„Die schönste Version“ von Ruth-Maria Thomas

„ Ich hatte es geschafft. Ich war die Frau, die ich immer sein wollte: Ohrenküsse frischer Orangensaft, alles sauber, toll.“ Seite 146

Alles beginnt mit dem letzten Urlaubstag und einem unvergesslich schönen Moment. Jella will diesen Moment mit ihrem Yannick für die Ewigkeit konservieren.

Die Liebe ist neu und so blitzblank silberfarben und todesschön.

So romantisch könnte es weitergehen, träfen wir Jella nicht einige Zeit später auf dem neonkalten Flur einer Polizeiwache wieder.

Das Unaussprechliche kommt ihr nur stockend über die Lippen. Gern würde sie sie abspalten diese Worte, den Verlust ihrer Würde.

Und das, was es aus ihr gemacht hat. So eine dieser Plakatfrauen, die einem über eine Notrufnummer hinweg gequält anlächeln.

Die Ich-Erzählerin Jella schildert in Zeitsprüngen ihr junges Leben.

Jella lebt bei ihrem Vater. Die Mutter hielt es mit dem stillen Mann in der Provinz nicht mehr aus und ging nach Berlin. Und auch wenn der Vater im Umgang mit seiner Tochter stets hilflos und gutgläubig erscheint, so lieben beide Eltern ihre Tochter.

Vater und Tochter wohnen einem spiessbürgerlichen Häuschen am Stadtrand.

Jella hat was im Köpfchen. Sie macht ihr Abitur, studiert und jobbt nebenbei in der Bücherei.

Ansonsten tut sie, was junge Mädchen so tun. Feiern, Schminken, mit Freunden abhängen und sich ständig fragen, bin ich schön.

Plötzlich kommt Koks ins Spiel und eine Jungsband. Ein Abend endet schlimm und für Jella beginnt eine emotionale Abwätsspirale, die eigentlich ihre Liebe Yannick aufhalten soll.
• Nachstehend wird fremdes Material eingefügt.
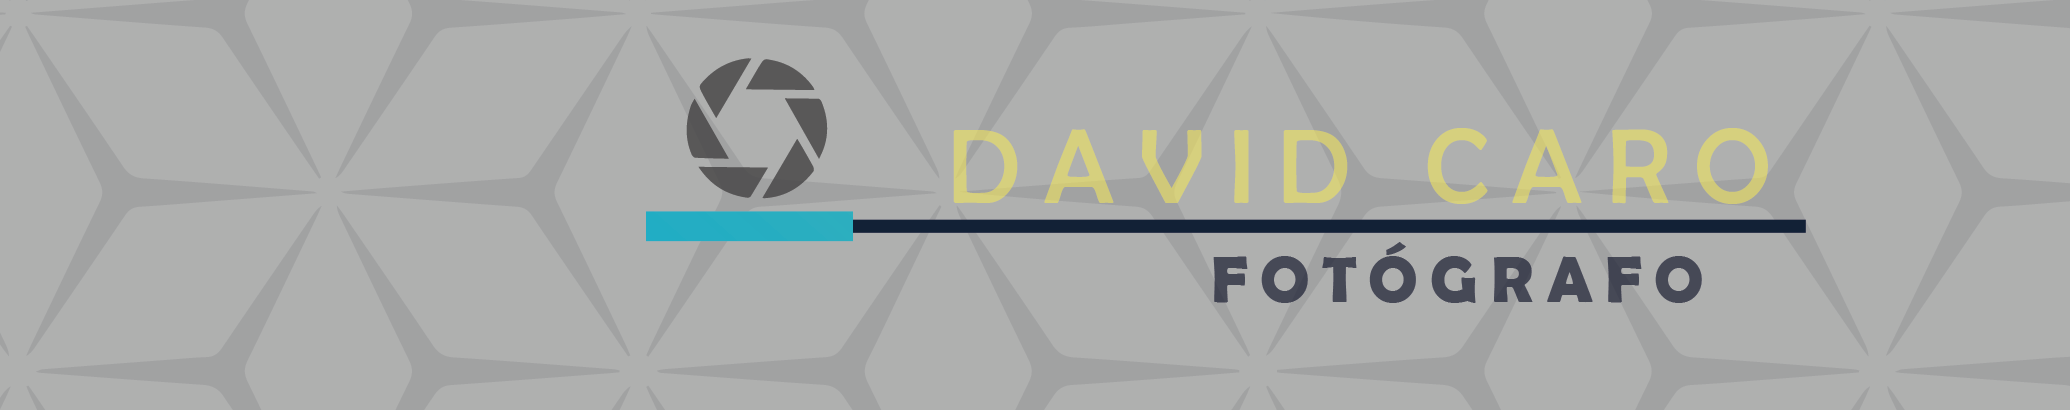 DAVID CARO's profile banner

Doch diese toxische Beziehung hat eine andere Dynamik und das Happyend singt leider auch nicht Roy Black ( ok, lange her) in seiner Liebesschnulze „Ganz in weiß…“.

Was in der Zeit zwischen dem rosaroten Himmel und der Angsthölle passiert, schildert die Autorin Ruth-Maria Thomas in ihrem Debütroman so saftig und drastisch, dass er mich so manches Mal an Roches Ekelroman „Feuchtgebiete“ erinnert hat.

Die Autorin bedient sich eines frischen Sounds. Der kommt mit stilistischer Leichtigkeit, ja sogar lyrisch daher, und gibt beim Lesen das Gefühl, in einem zu engen Rollkragenpullover zu stecken.

Er drückt den Hals zu und das liegt nicht nur an den Themen

wie Frauwerden, Frausein, toxisches Begehren und häusliche Gewalt. So intensiv beschreibt die Autorin die Szenen einer Beziehung.

Ich neige hier leider zum Erbrechen ob der diversen Geschlechtsakte und weiterer Unappetitlichkeiten.

Und irgendwie bin zwiegespalten.

Zum einen verstehe ich diese Suche nach Liebe und Glück, diese Abhängigkeit in die Frau geraten kann. Zum anderen bin ich aber auch enttäuscht, dass eine junge, gebildete Frau auch vor #metoo nicht mehr Interessen hatte als Schminken, Koksen, Klamotten klauen und Geschlechtsverkehr.

Ein streitbares Debüt, dass sicher für einigen Diskussionsstoff sorgen wird.